2. The Theoretical Basis for Social Stories

This section of the course examines the theoretical basis for the use of social stories for children with autism. The presenters will examine theoretical explanations for autism including theory of mind deficits, weak central coherence, and deficits in executive function and how the use of social stories might address each of these deficit areas.

3. Key Recommendations for Developing a Social Story

In this section of the presentation, the key components for developing a social story will be reviewed. A sample social story will be provided with an explanation of the components. Examples of social stories that are ineffective teaching tools and do not represent what is intended will be contrasted with an effective social story.

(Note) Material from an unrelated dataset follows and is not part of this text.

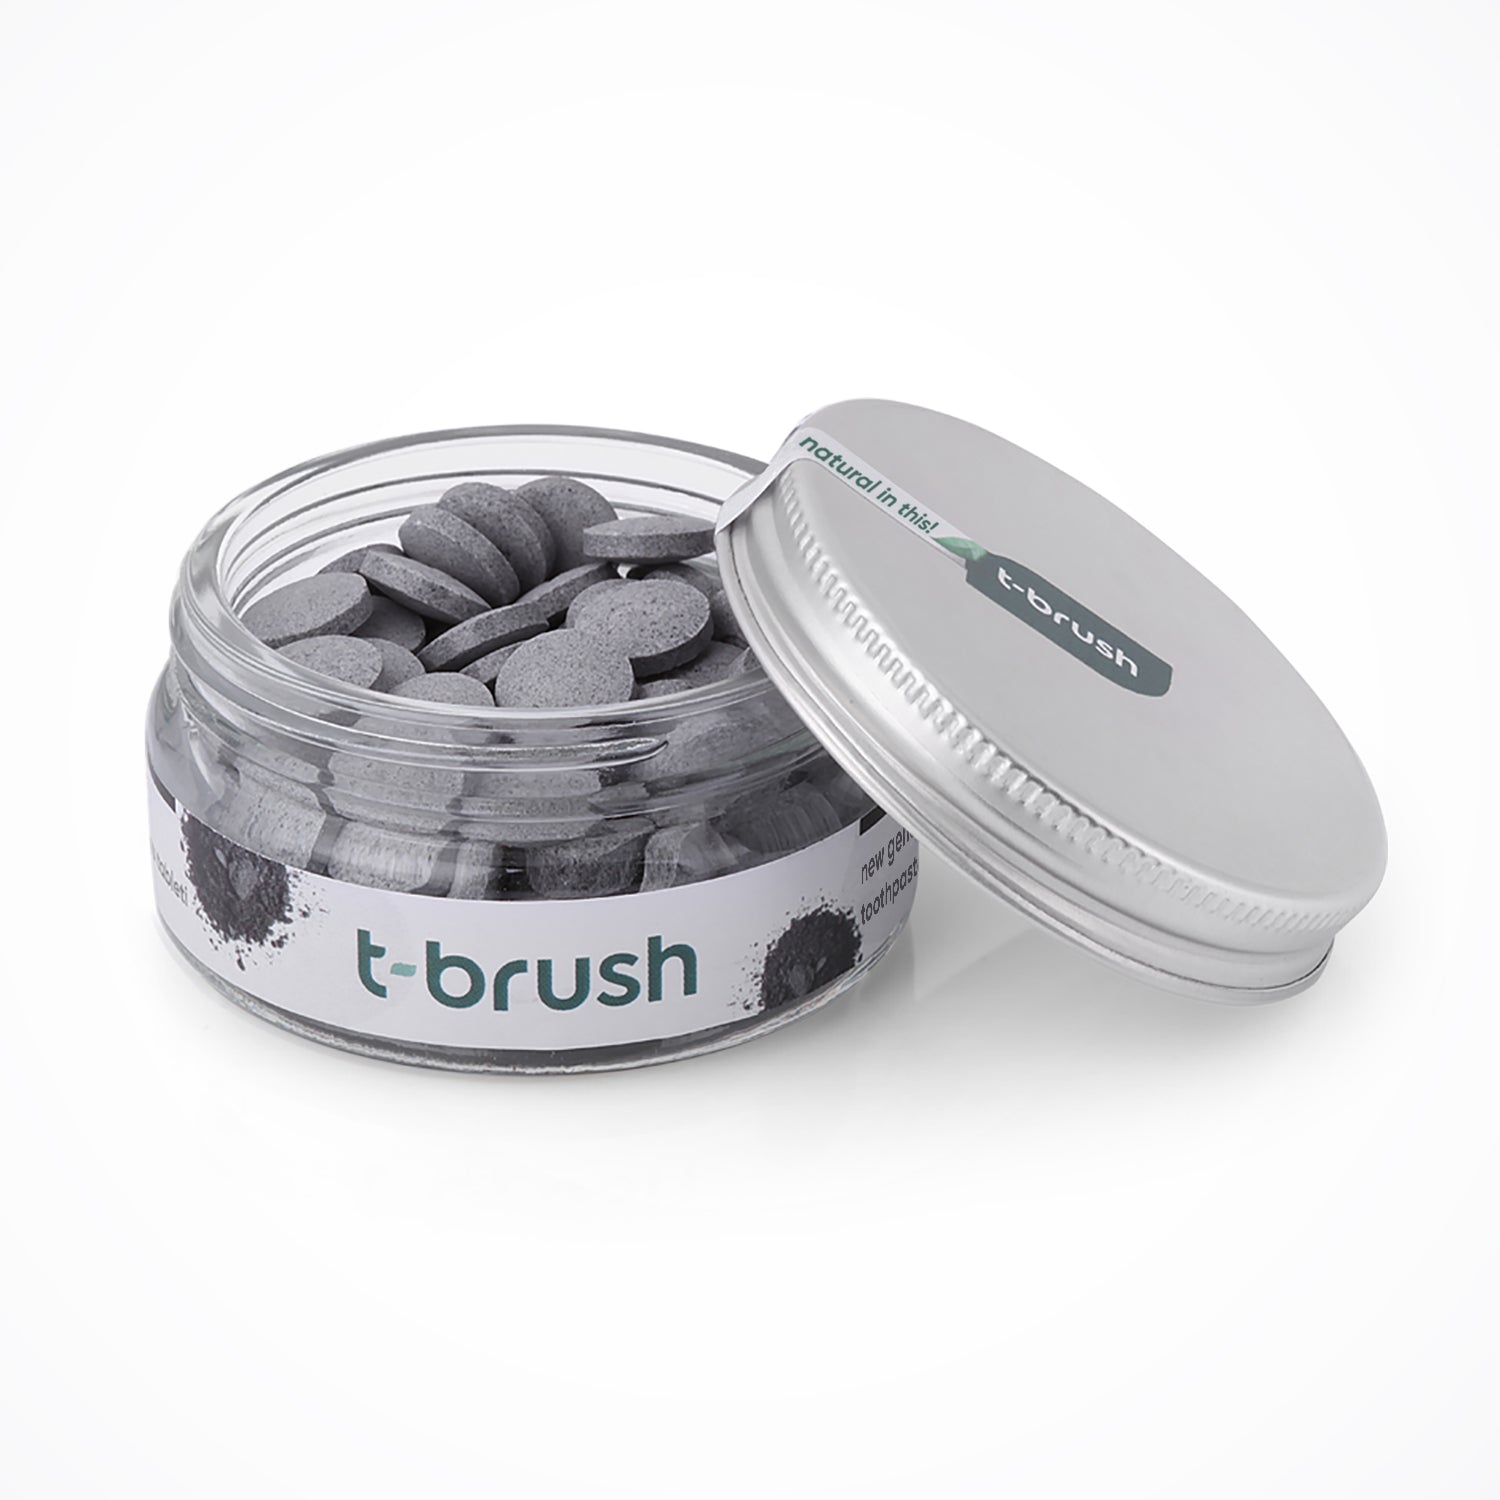 T-BRUSH - Premium Active Charcoal Oral Care Set (Nano Brush) - Attily - #boycott #فلسطين #palestine
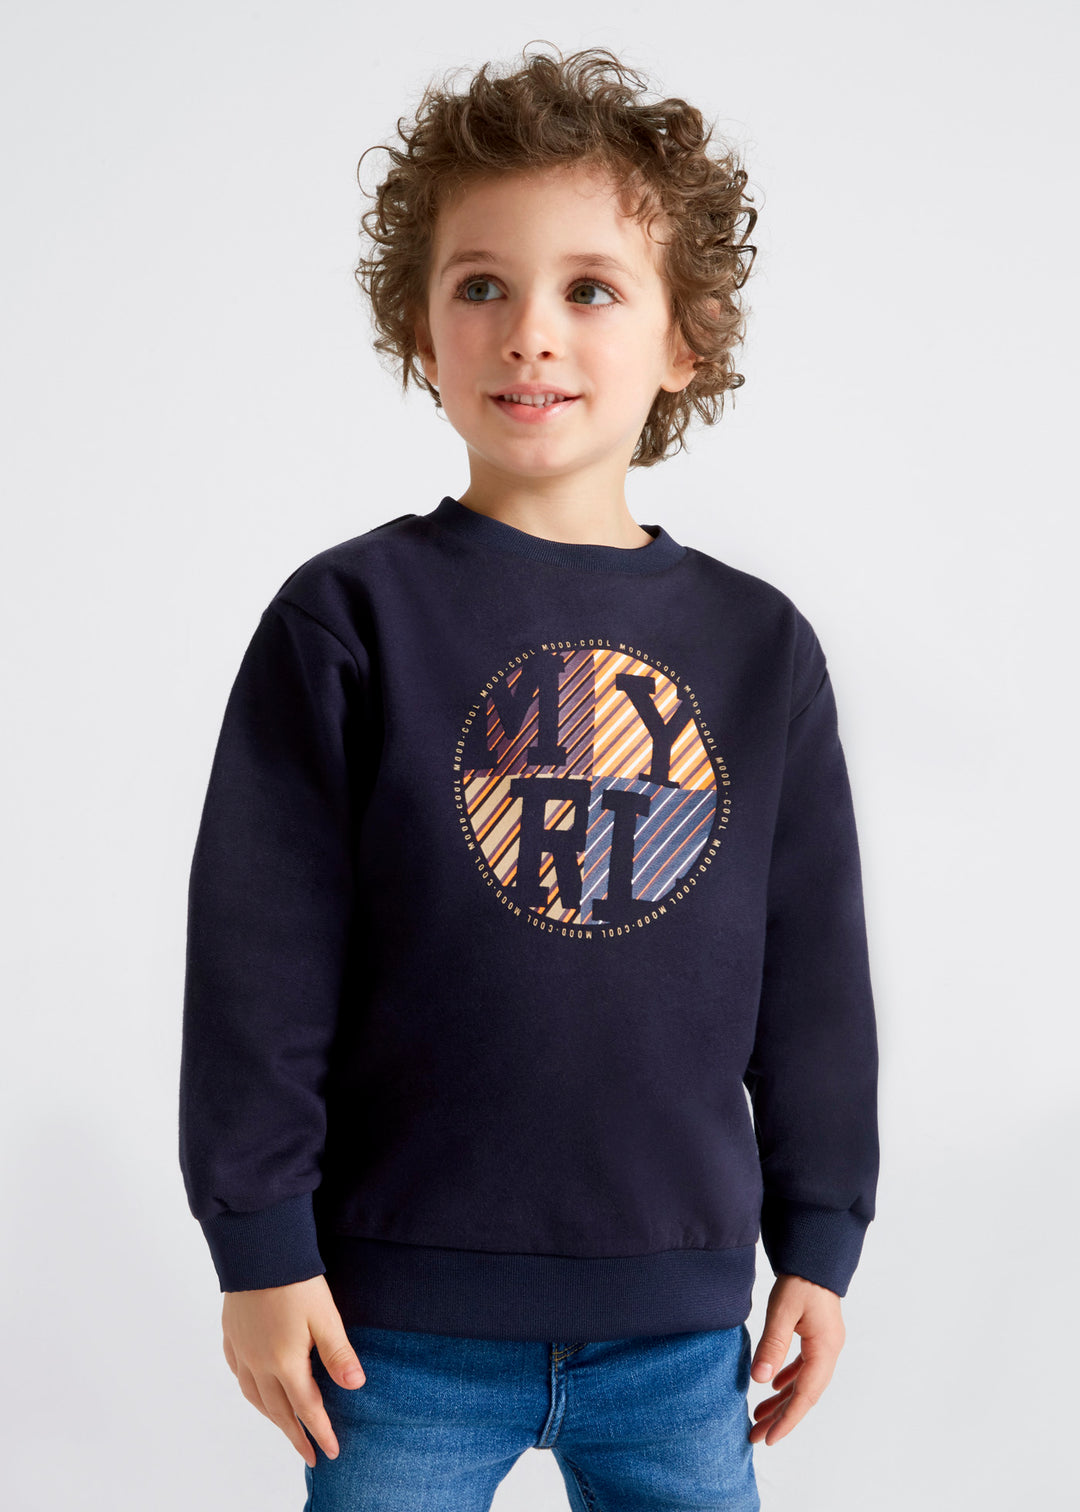 Mayoral 4447-080 Kids Graphic Sweatshirt - Navy

It is important that clinicians know the key components for writing an effective social story that can lead to generalized learning about what to expect and what to do in social situations.

4. The Empirical Support for Social Stories and Directions for Future Research

This section of the course examines the empirical evidence for the use of social stories for children with autism. The current research highlights the benefits of social stories in reducing undesired behavior, increasing communication skills and promoting social skills will be presented. Participants will also learn about the limitations in the current research.

5. Developing a Social StoryTM

This section of the course gives participants an opportunity to experience the evaluation of a social story developed in response to the needs of a 12-year old girl with autism. An original social story developed by a clinician will be presented. The presenters will then walk through the components of an effective social story (e.g., having an introduction, body and conclusion, assessing tone, examining appropriateness of the visual supports included, etc.) making changes that follow the guidelines for creating meaningful social stories. This section will end with a new social story incorporating the recommended changes.